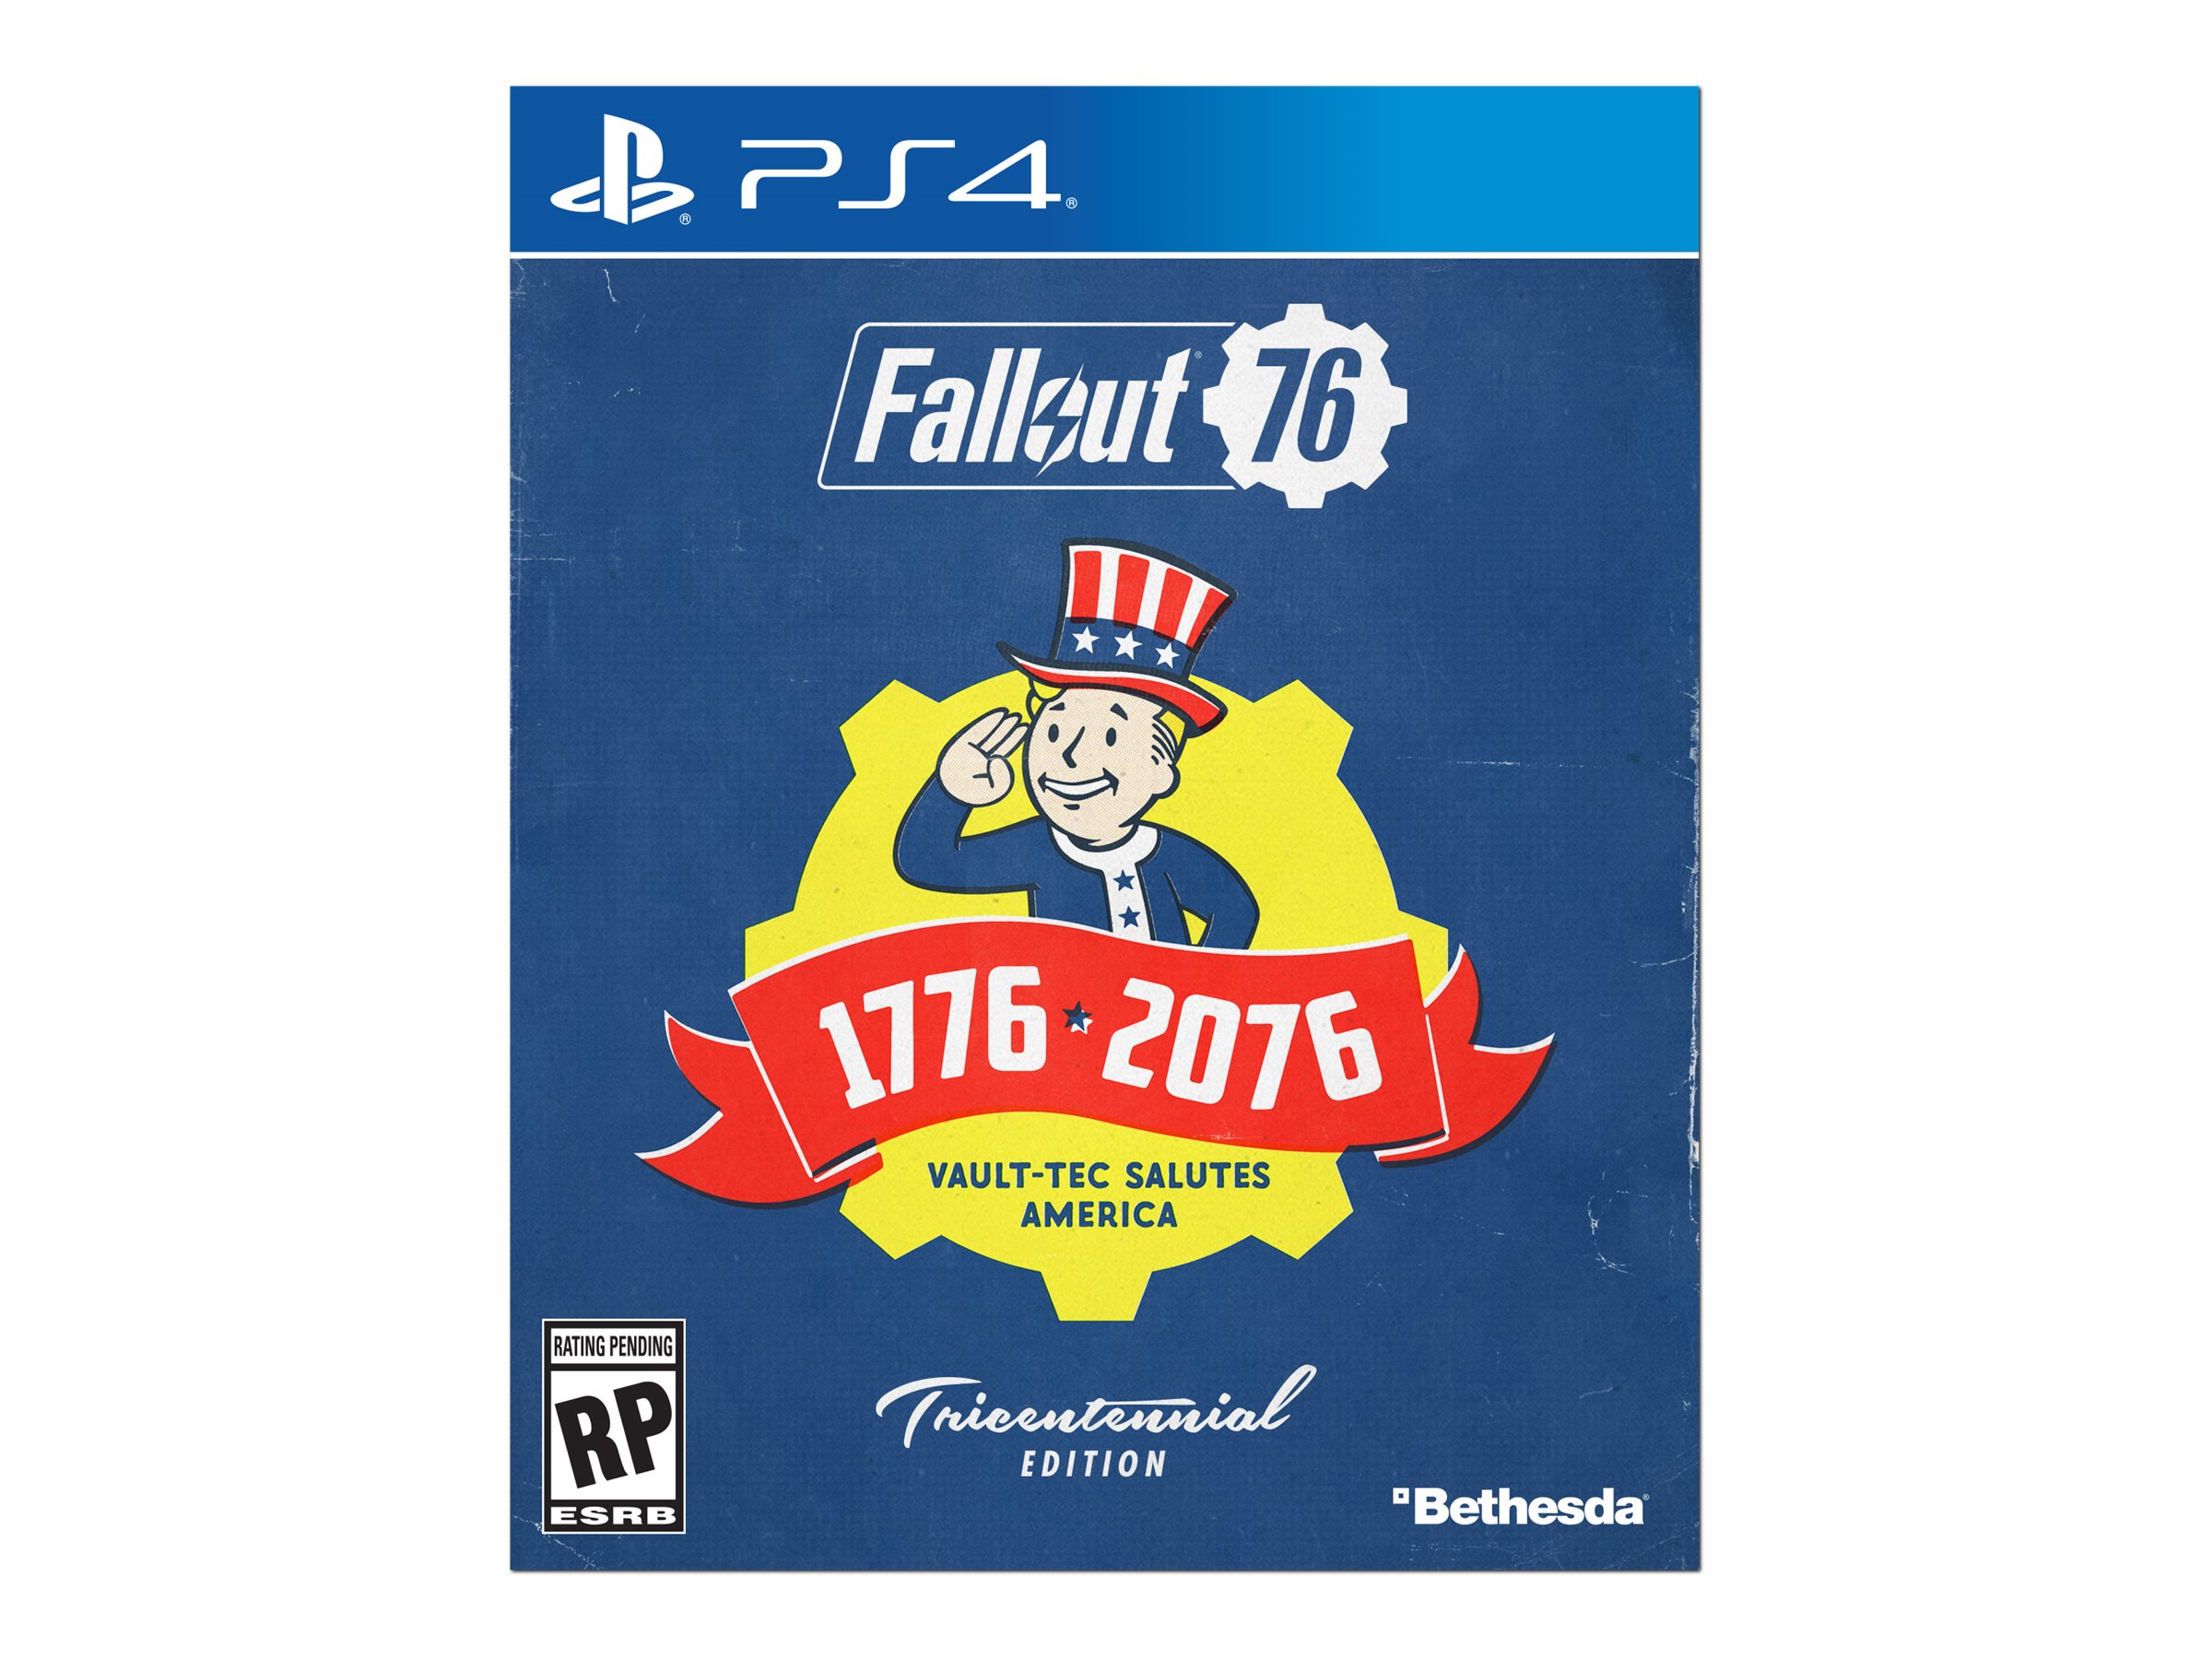 Fallout 76 Tricentennial Edition, Bethesda Softworks, PlayStation 4, 093155173118 - image 1 of 5
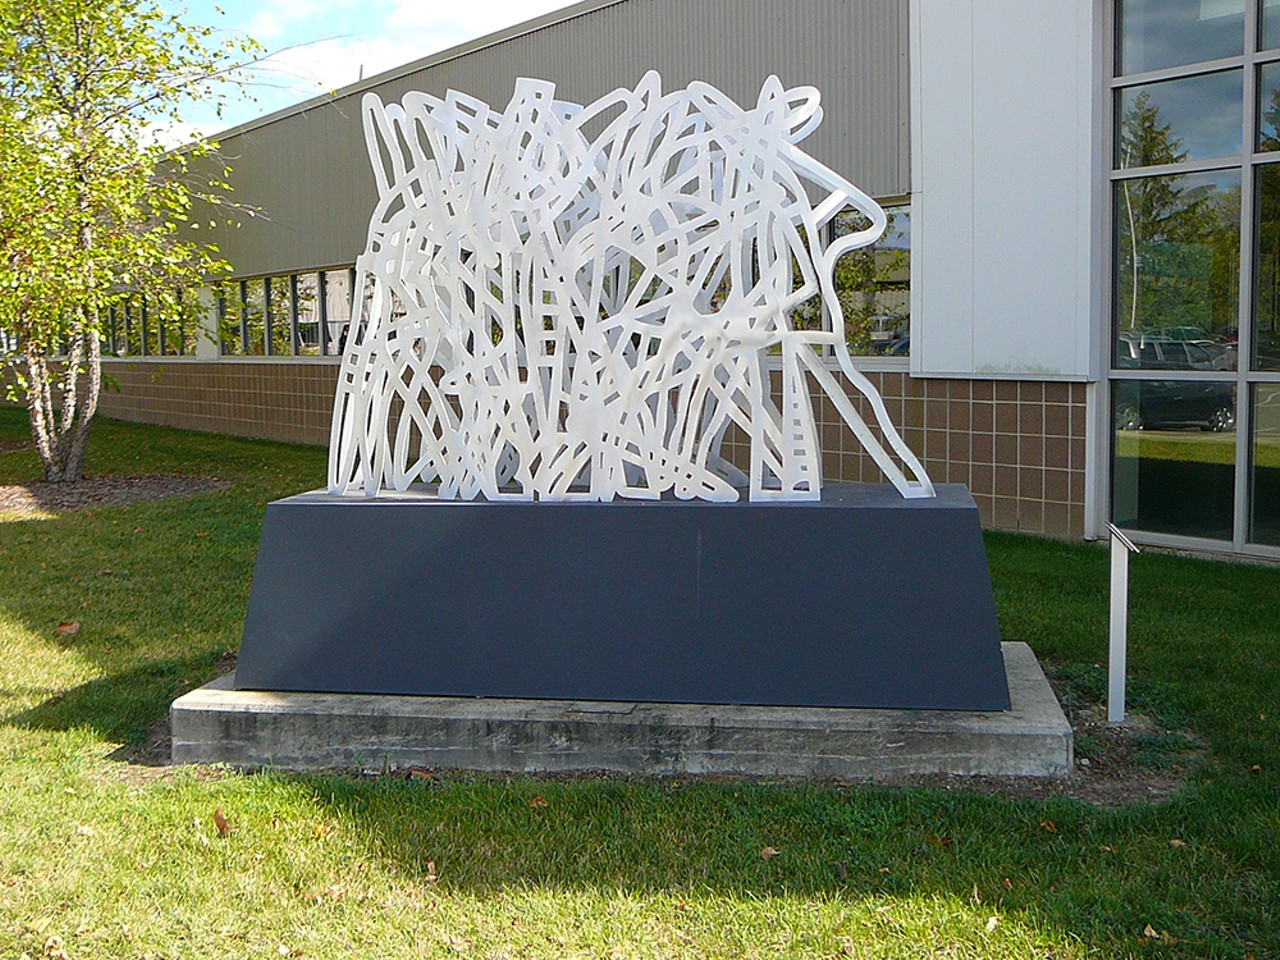 &#147;Unity III&#148;
Michigan State University, Energy and Automotive Research Building; 1497 Engineering Research Ct., East Lansing; egr.msu.edu
"In its purest sense the piece depicts people coming together and the inherent beauty of this synergy," MSU says of this 2007 piece.
Photo courtesy of MSU
◆ ◆ ◆
■ Task details
Output only the lines from the one that contains "this 2007 piece." through the final line of the records, exactly as given.

■ Written solution
"In its purest sense the piece depicts people coming together and the inherent beauty of this synergy," MSU says of this 2007 piece.
Photo courtesy of MSU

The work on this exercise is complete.